Unicaja and Liberbank agree to their merger

The Unicaja and Liberbank boards of directors, meeting in an extraordinary way this afternoon, have approved their merger. They will create the fifth largest bank by assets in Spain: they will reach 108,000 million euros with the more than 62,000 million that Unicaja contributes and the almost 47,000 that Liberbank incorporates. In this way they surpass Bankinter, which is relegated to sixth place, with its 96.8 billion euros in assets.

In accordance with the relevant event sent to the National Securities Market Commission at seven in the afternoon this Tuesday, the proposed exchange rate is one newly issued Unicaja share with a par value of one euro for every 2.7705 Liberbank shares with a par value of two euro cents each. In the document, Unicaja appears as the “absorbing company” and Liberbank, as the “absorbed entity”.

The operation will imply that Unicaja will have to carry out a capital increase for a total maximum nominal amount of 1,075 million euros. Although this amount could vary depending on the Liberbank treasury stock or the Liberbank shares that Unicaja may have at the time the merger is executed.

The common merger project is expected to be submitted to the approval of the general shareholders’ meetings of Unicaja Banco and Liberbank, which will be held, according to the entities, foreseeably during the first quarter of 2021. Once the operation has been approved in these bodies and once the mandatory administrative authorizations have been obtained, Unicaja will acquire by universal succession all the rights and obligations of Liberbank. This means that the operation will be implemented through the absorption of Liberbank by Unicaja, with the extinction of the former and the transfer en bloc of all its assets to the latter. Hence, Liberbank shareholders will receive Unicaja Banco shares in exchange.

In accordance with the calendar communicated to the CNMV, The merger is scheduled to be completed late in the second quarter or early in the third quarter of next year.

The merger agreement also includes the agreement finally reached regarding one of the issues that generated the most harshness during the negotiations: The current president of the Unicaja board of directors, Manuel Azuaga, will maintain the presidency of the new entity.
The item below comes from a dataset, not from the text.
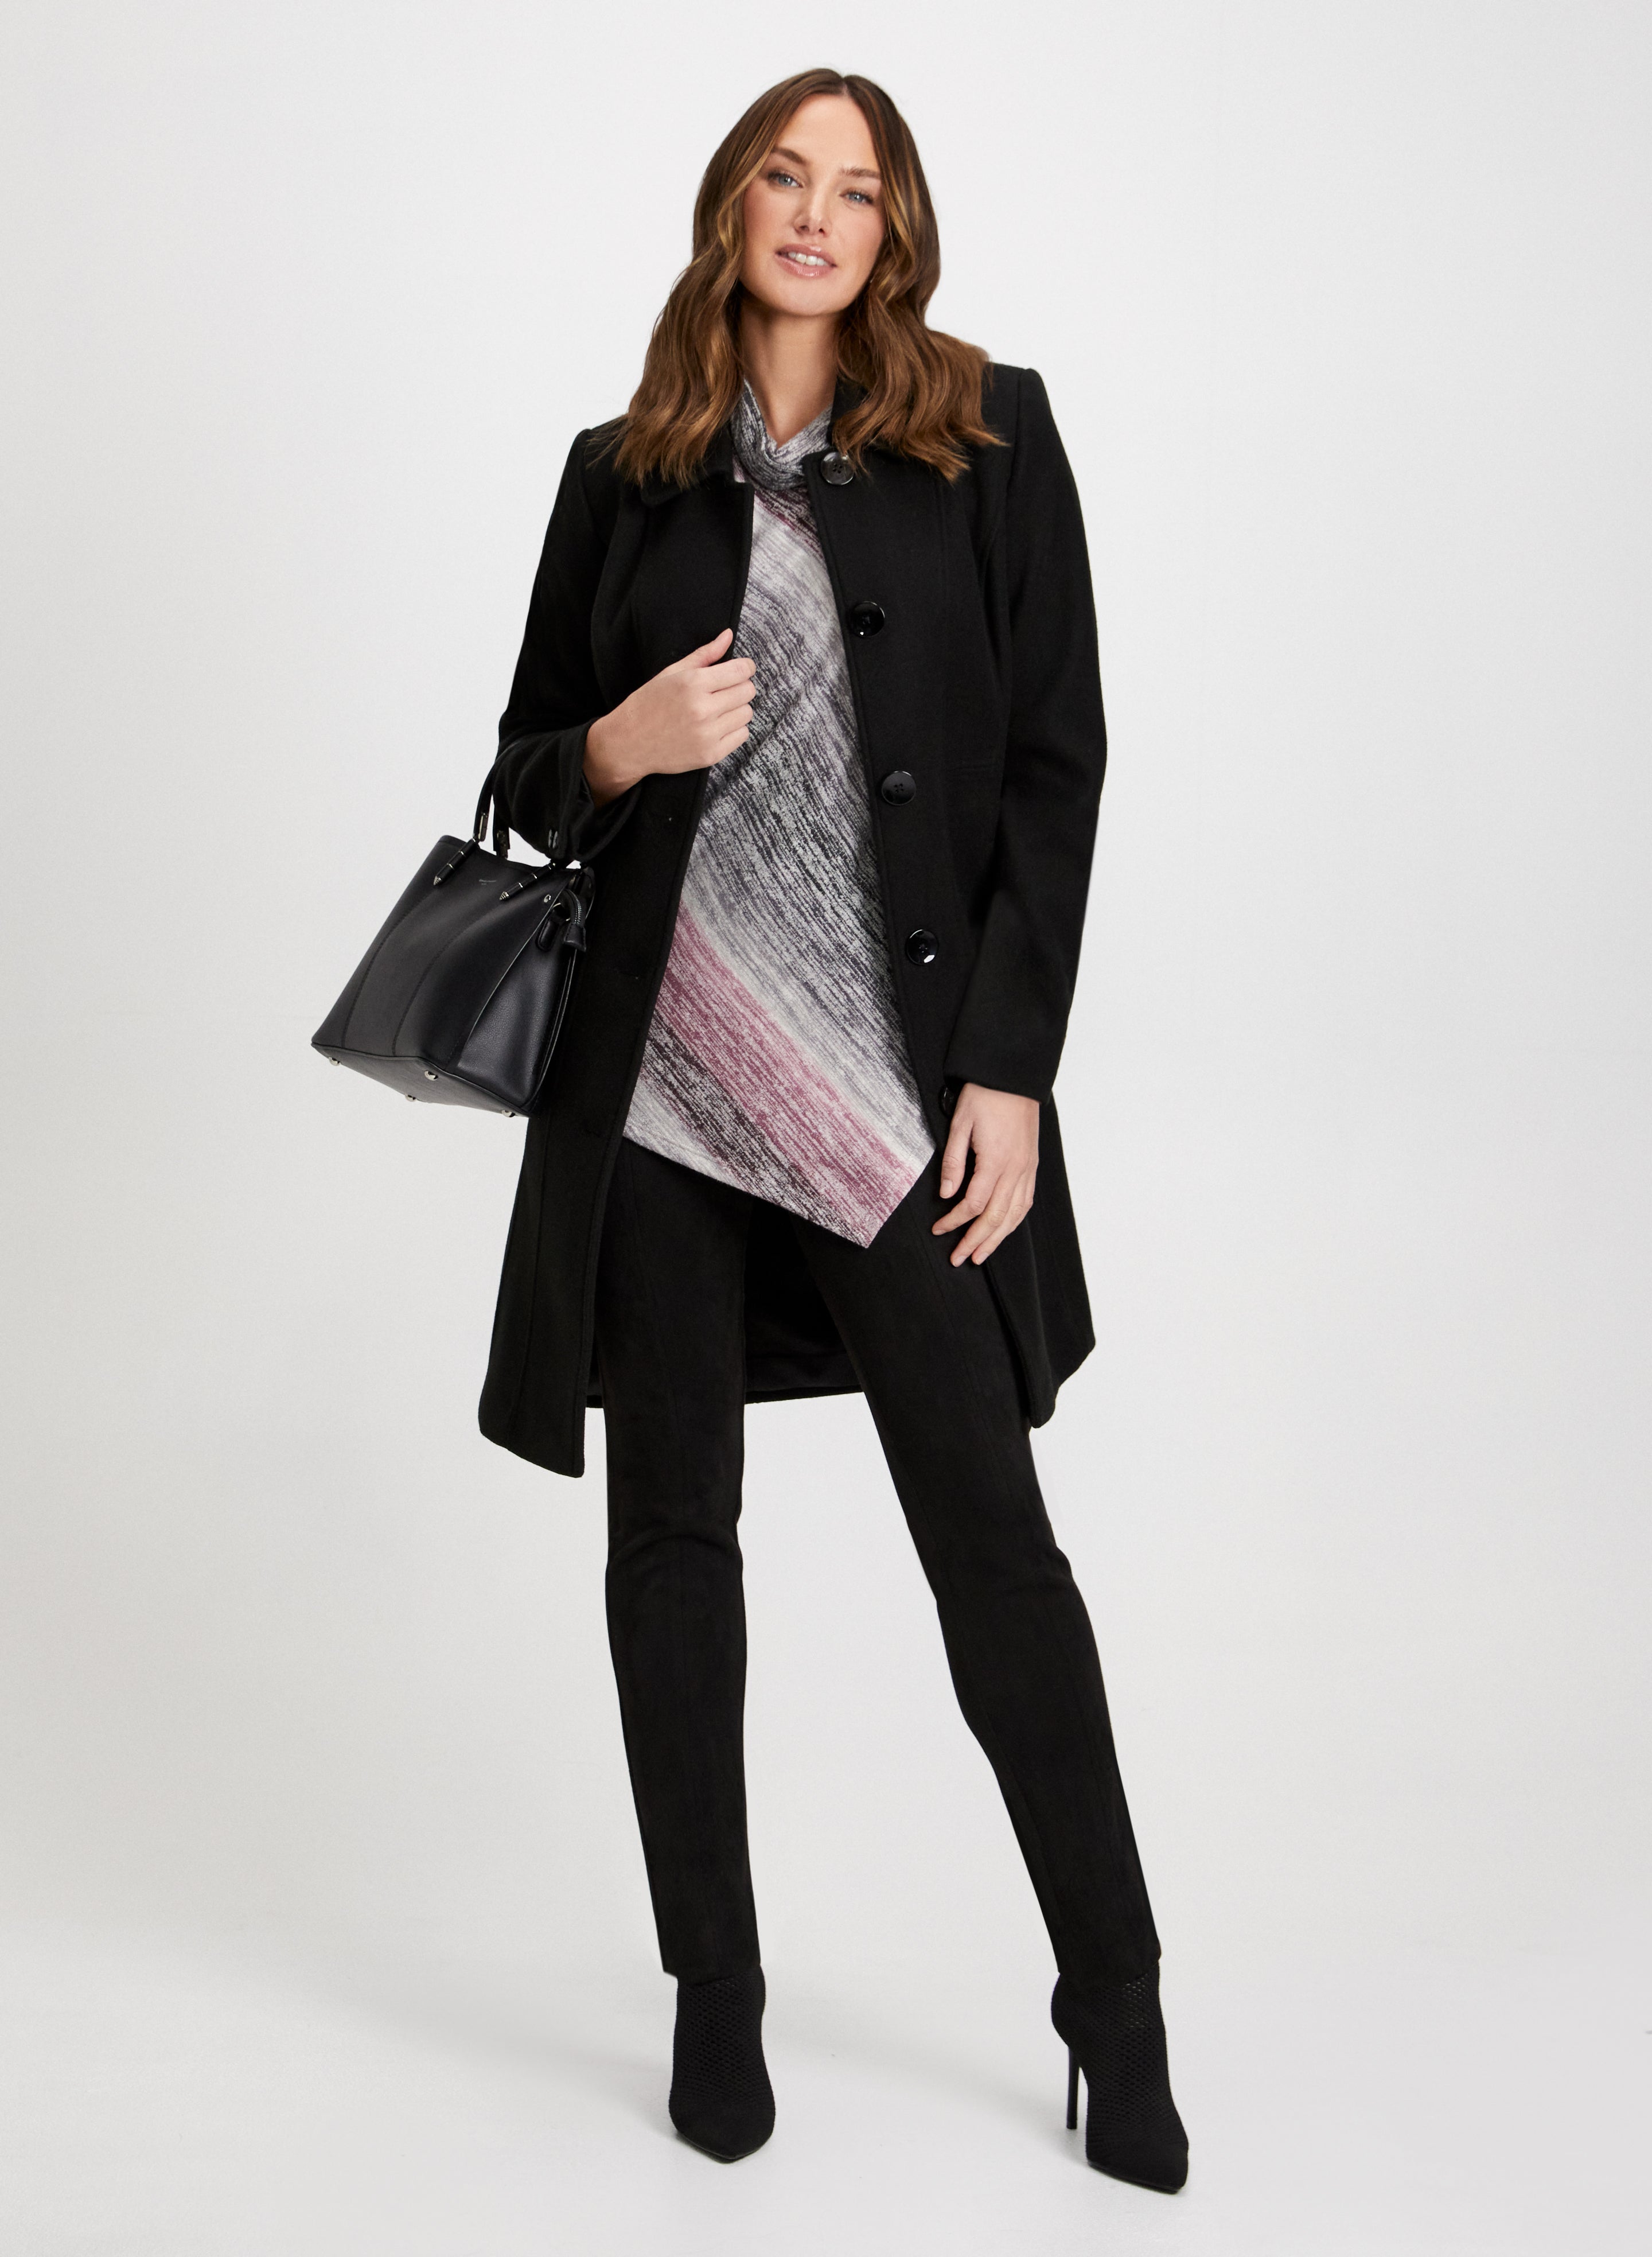 Wool Blend Coat, Asymmetric Stripe Print Top & Leggings
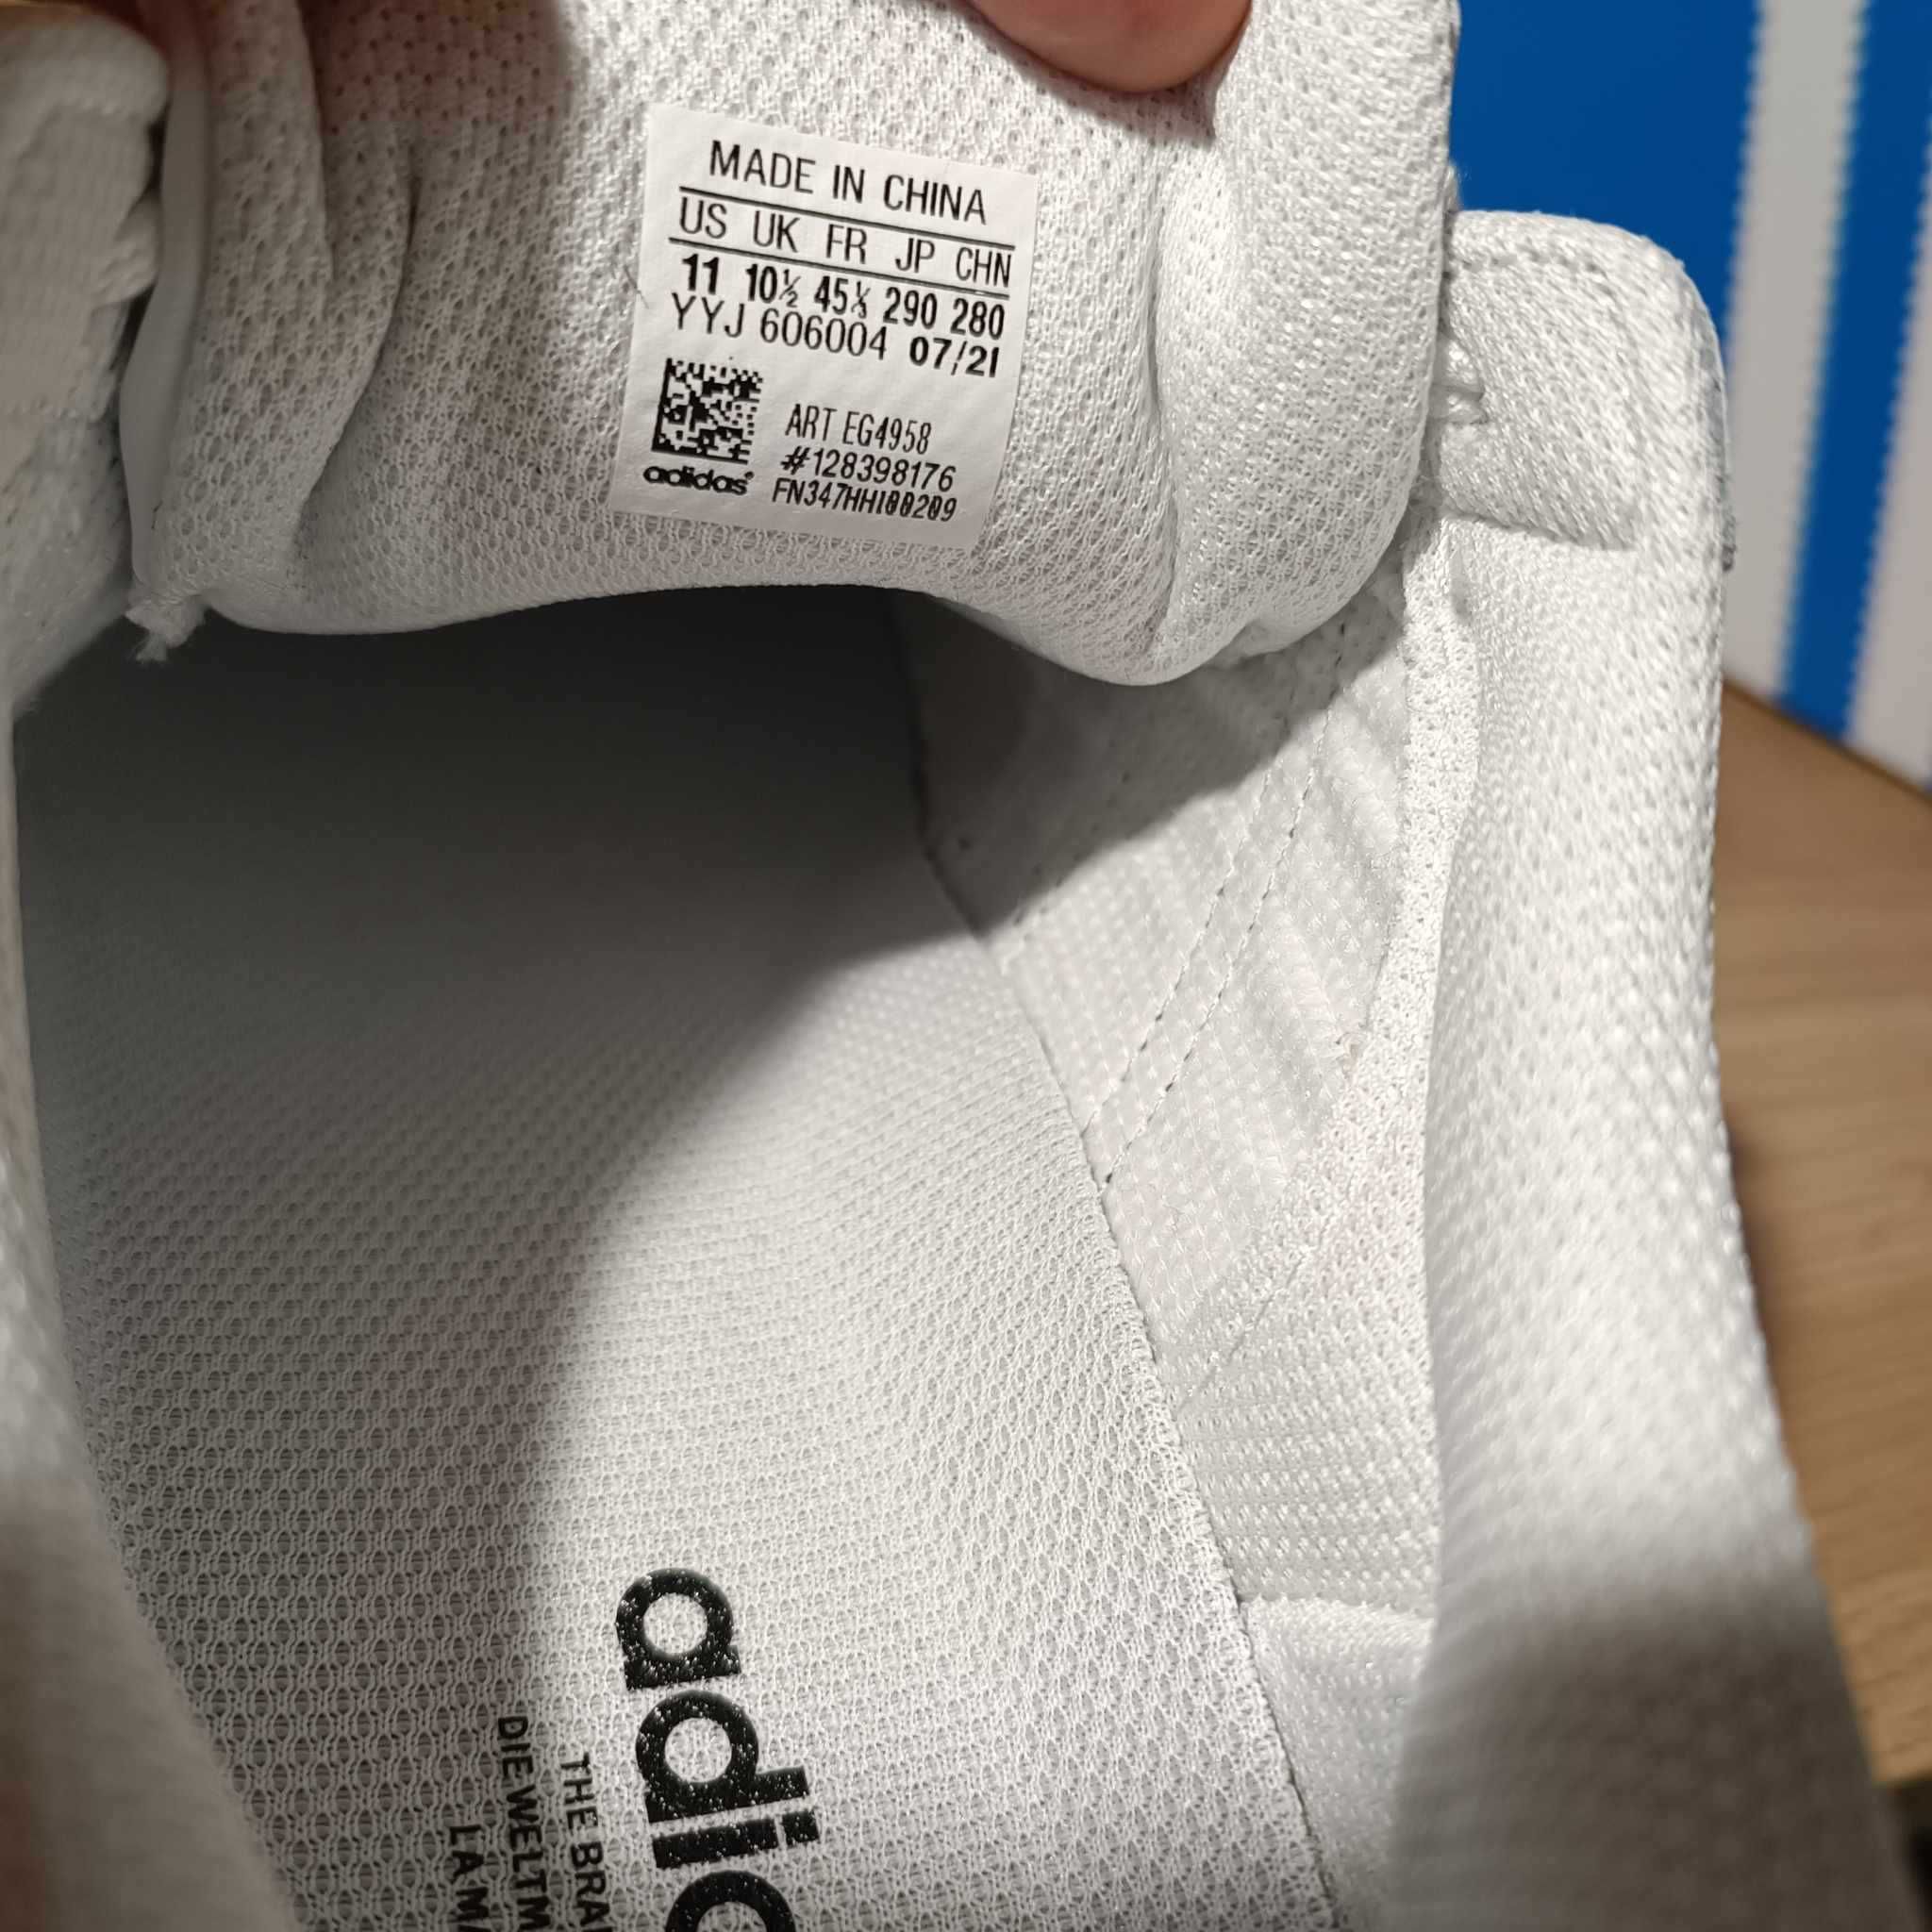 Adidas Superstar Originals r. 45 1/3 (29 cm) EG4958 white black

Meanwhile, Manuel Menéndez, current CEO of Liberbank, will take on this same role on the board of directors of the bank resulting from the merger. In any case, the document states, within a maximum period of two years from the full effectiveness of the merger with its registration, the board of directors will modify Unicaja’s governance model -that will be the name of the new entity- so that the chairmanship of the board becomes non-executive and the functions of the CEO are adapted. Likewise, Will “reassess” the CEO. This means that the decision on who will occupy the first executive position of the new entity is delayed to 2023.

Likewise, the board of directors will be made up of fifteen members: seven proprietary directors (four representing Unicaja and three proposed by Liberbank), six independent directors (four proposed by Unicaja and two by Liberbank) and two executive directors, Azuaga and Menéndez.

If in assets the entity resulting from the merger will be the fifth largest in the Spanish market; It will also occupy that position in the deposit ranking; while in gross credit to customers it will be the sixth. Furthermore, from a commercial point of view, the integration of Unicaja and Liberbank will allow the combined entity to expand its presence to 80% of the Spanish territory.

The entities indicate that the overlap will be reduced in the geographical areas in which they are present today and where both have a great historical roots. According to its figures, this complementarity in the branch network and in the area of ​​operation of both entities will allow the new bank to have leading market shares in at least four autonomous communities.

Despite the latter, these entities do not rule out possible job cuts. They are placed at a time after the execution of the merger to analyze their overlaps, duplications and economies of scale, since for the moment no decision has been made in relation to the labor-related measures that will be necessary to adopt to proceed with the integration of templates as a result of the merger.